After each correlation is calculated, the correlation’s p value is compared to 0.05. If the p value correlation is less than or equal to 0.05, the correlation between the variable and that housing loss type rate is statistically significant at the 0.05 level. If it is higher than 0.05, the correlation between the variable and housing loss type rate is not statistically siginificant at the 0.05 level. This means it is more likely the true correlation between these variables is 0, and that the correlation coefficient we are observing with this set of data is an anomaly. For more details on interpretation of correlation analysis results, see Section 4.
Variables with a 0 variance have a 0 correlation. Census tracts that return an error value from the ACS for a variable (e.g., -888888888 or -666666666 in the ‘housing_loss_summary’ files due to insufficient or unavailable estimates) are excluded from the correlation analysis. For a complete list of estimate and annotation values and explanations, please see these ACS notes.
Get Geometry Data for Mapping
Lastly, FEAT sources census tract boundaries for the geographies from TIGERweb by the U.S. Census Bureau, creating a file containing geographical boundaries for the given county’s census tracts (.geojson) and a Geopackage file (.gpkg) for use with GIS software.
Eviction Lab Methods
Eviction Lab’s Eviction Tracking System (ETS) provides updated eviction filing data for 10 states and 33 cities in the United States, beginning in January 2020. In these jurisdictions, FEAT allows users to use ETS data to produce FEAT outputs.
Because ETS data is aggregated at the census tract or zip code level, and FEAT requires data to be at the individual record level, FEAT converts ETS data into a format that FEAT is able to run. Below are the steps that FEAT takes to process and analyze ETS eviction filing data.

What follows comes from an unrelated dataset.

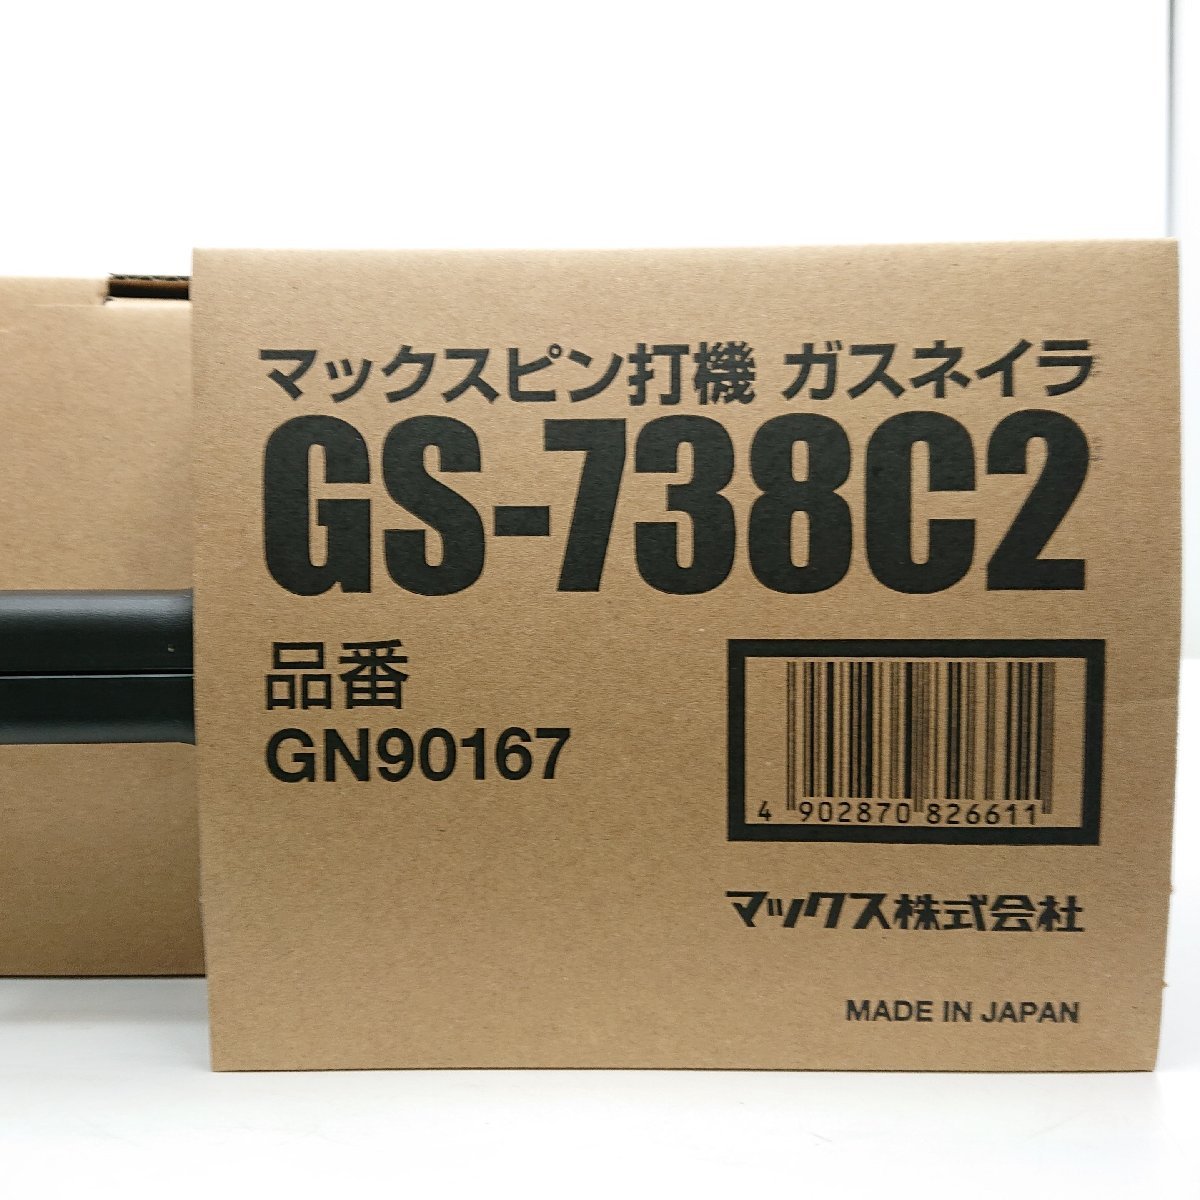 9304-010] MAX GS-738C2 ピン打機 ガスネイラ 【中古・未使用】 未開封

- Download the following two files from Eviction Lab’s website: Cities and States. These files contain all of the eviction filing data housed in the ETS for cities and states, by month.
- For each of the files, the program cleans and formats the data to meet the criteria for FEAT. This includes disaggregating the data by census tract level, such that each eviction filing record is documented in its own row of data. The program also creates and populates data fields that FEAT requires that are not in the ETS data (e.g., “county” and “type”). Lastly, the program creates individual input files for each city and state in the ETS data.

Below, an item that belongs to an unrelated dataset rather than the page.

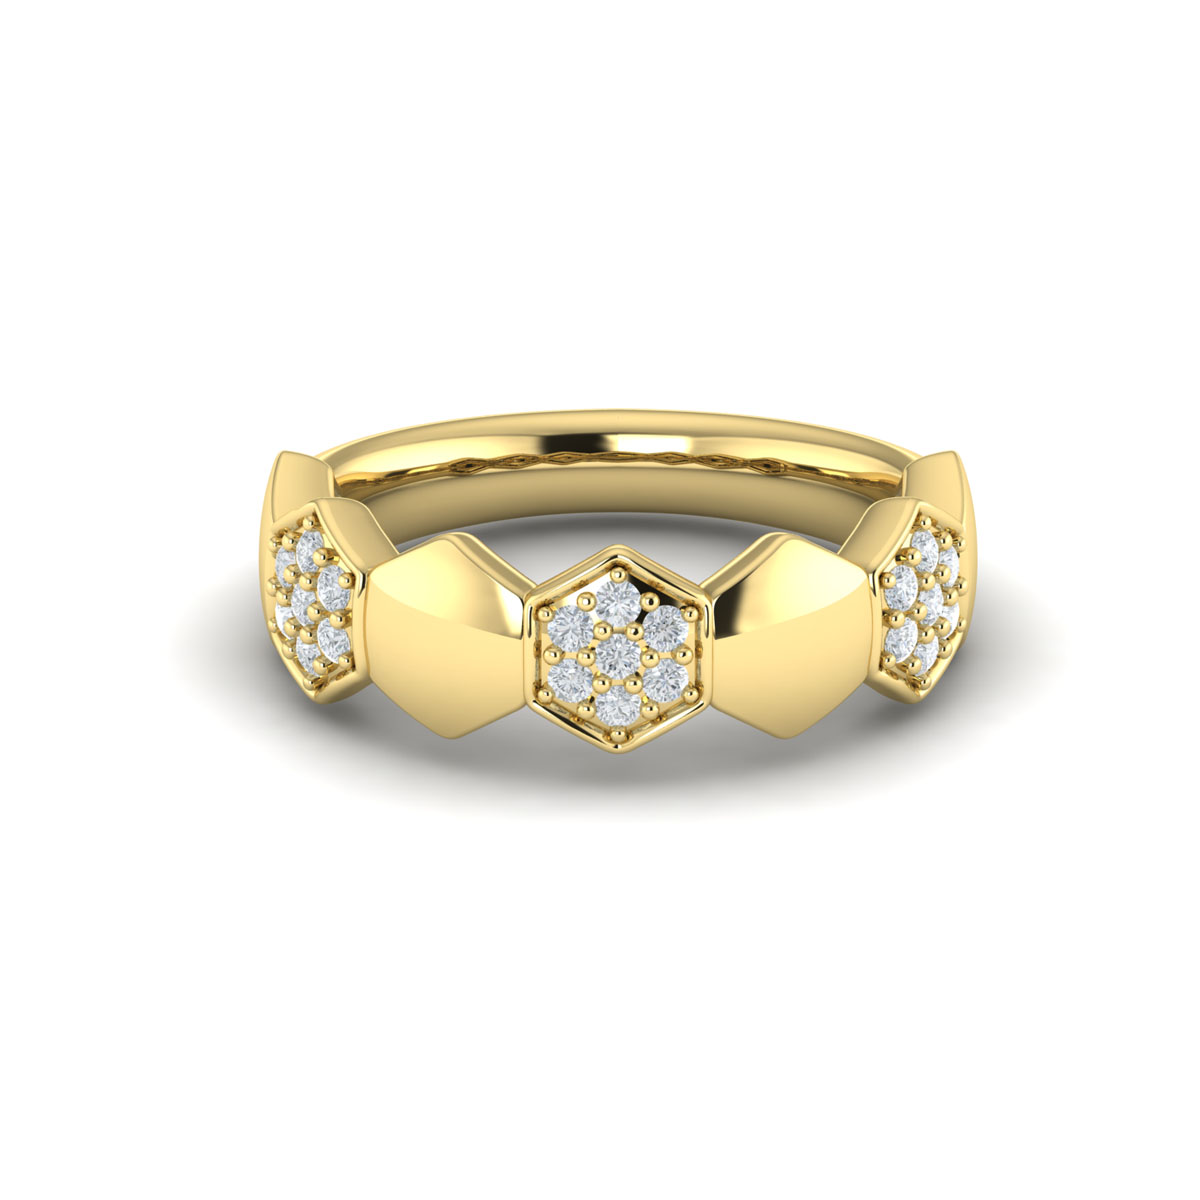 14K YELLOW GOLD HEXAGON DIAMOND FASHION RING SIZE 6.75 WITH 21=0.26TW ROUND G-H VS2-SI1 DIAMONDS   (5.54 GRAMS)

- Each state and city input file is run through FEAT at the beginning of each month to reflect new Eviction Lab data.
- FEAT analysis for each state and city can be downloaded or viewed in the ‘Use Eviction Lab Data’ page of FEAT.
FEAT analysis of ETS data differs from analysis on housing loss data uploaded by a user in a few ways:
- 2010 Census Tract Boundaries: Eviction Lab uses 2010 census tract boundaries (as opposed to 2020 census tract boundaries).
- ACS Data: FEAT uses the 2015–2019 ACS five-year estimates, 2015–2019 ACS five-year data profiles, and the 2015–2019 five-year subject tables to run analysis on ETS data, to align with the 2010 census tract boundaries.
- TIGERweb: FEAT uses 2019 for the TIGERweb API call.
Users who access FEAT analysis of ETS data should use the following attribution: Peter Hepburn, Renee Louis, and Matthew Desmond, Eviction Tracking System: Version 1.0 (Princeton: Princeton University, 2020), www.evictionlab.org.